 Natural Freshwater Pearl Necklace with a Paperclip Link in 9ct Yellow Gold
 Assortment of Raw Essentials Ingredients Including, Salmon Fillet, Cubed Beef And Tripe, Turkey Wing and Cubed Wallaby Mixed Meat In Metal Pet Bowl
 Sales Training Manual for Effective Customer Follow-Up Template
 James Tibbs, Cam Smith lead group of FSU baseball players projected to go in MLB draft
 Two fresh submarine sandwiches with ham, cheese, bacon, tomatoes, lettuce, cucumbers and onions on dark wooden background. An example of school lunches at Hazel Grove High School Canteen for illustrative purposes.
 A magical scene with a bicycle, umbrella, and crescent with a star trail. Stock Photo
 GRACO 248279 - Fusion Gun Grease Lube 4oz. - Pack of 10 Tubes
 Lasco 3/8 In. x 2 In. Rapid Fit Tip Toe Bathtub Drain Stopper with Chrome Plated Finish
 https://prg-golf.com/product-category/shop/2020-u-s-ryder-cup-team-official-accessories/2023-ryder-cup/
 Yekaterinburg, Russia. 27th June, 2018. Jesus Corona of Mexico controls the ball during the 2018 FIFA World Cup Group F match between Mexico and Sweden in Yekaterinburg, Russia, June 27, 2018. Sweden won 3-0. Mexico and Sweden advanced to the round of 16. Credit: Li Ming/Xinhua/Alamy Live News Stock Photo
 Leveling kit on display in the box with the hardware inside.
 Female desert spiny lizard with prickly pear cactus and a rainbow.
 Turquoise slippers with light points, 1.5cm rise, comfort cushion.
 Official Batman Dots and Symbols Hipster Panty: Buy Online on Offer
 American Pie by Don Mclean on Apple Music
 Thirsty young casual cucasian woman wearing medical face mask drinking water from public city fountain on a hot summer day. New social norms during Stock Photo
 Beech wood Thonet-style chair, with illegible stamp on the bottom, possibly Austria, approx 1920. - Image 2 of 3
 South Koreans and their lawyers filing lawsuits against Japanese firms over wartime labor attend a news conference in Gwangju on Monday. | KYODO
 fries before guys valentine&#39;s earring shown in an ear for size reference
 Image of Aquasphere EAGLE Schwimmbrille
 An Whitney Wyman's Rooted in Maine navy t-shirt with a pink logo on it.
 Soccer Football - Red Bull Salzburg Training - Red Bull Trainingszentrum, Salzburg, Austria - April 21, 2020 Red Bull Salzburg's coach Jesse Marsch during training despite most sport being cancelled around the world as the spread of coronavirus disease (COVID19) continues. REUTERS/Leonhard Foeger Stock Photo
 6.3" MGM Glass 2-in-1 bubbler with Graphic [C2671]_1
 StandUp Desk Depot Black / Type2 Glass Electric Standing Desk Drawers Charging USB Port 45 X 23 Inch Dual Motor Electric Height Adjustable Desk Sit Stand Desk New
-----
Task statement: The lines to copy are those above that contain the string "during".

Result:
 Yekaterinburg, Russia. 27th June, 2018. Jesus Corona of Mexico controls the ball during the 2018 FIFA World Cup Group F match between Mexico and Sweden in Yekaterinburg, Russia, June 27, 2018. Sweden won 3-0. Mexico and Sweden advanced to the round of 16. Credit: Li Ming/Xinhua/Alamy Live News Stock Photo
 Thirsty young casual cucasian woman wearing medical face mask drinking water from public city fountain on a hot summer day. New social norms during Stock Photo
 Soccer Football - Red Bull Salzburg Training - Red Bull Trainingszentrum, Salzburg, Austria - April 21, 2020 Red Bull Salzburg's coach Jesse Marsch during training despite most sport being cancelled around the world as the spread of coronavirus disease (COVID19) continues. REUTERS/Leonhard Foeger Stock Photo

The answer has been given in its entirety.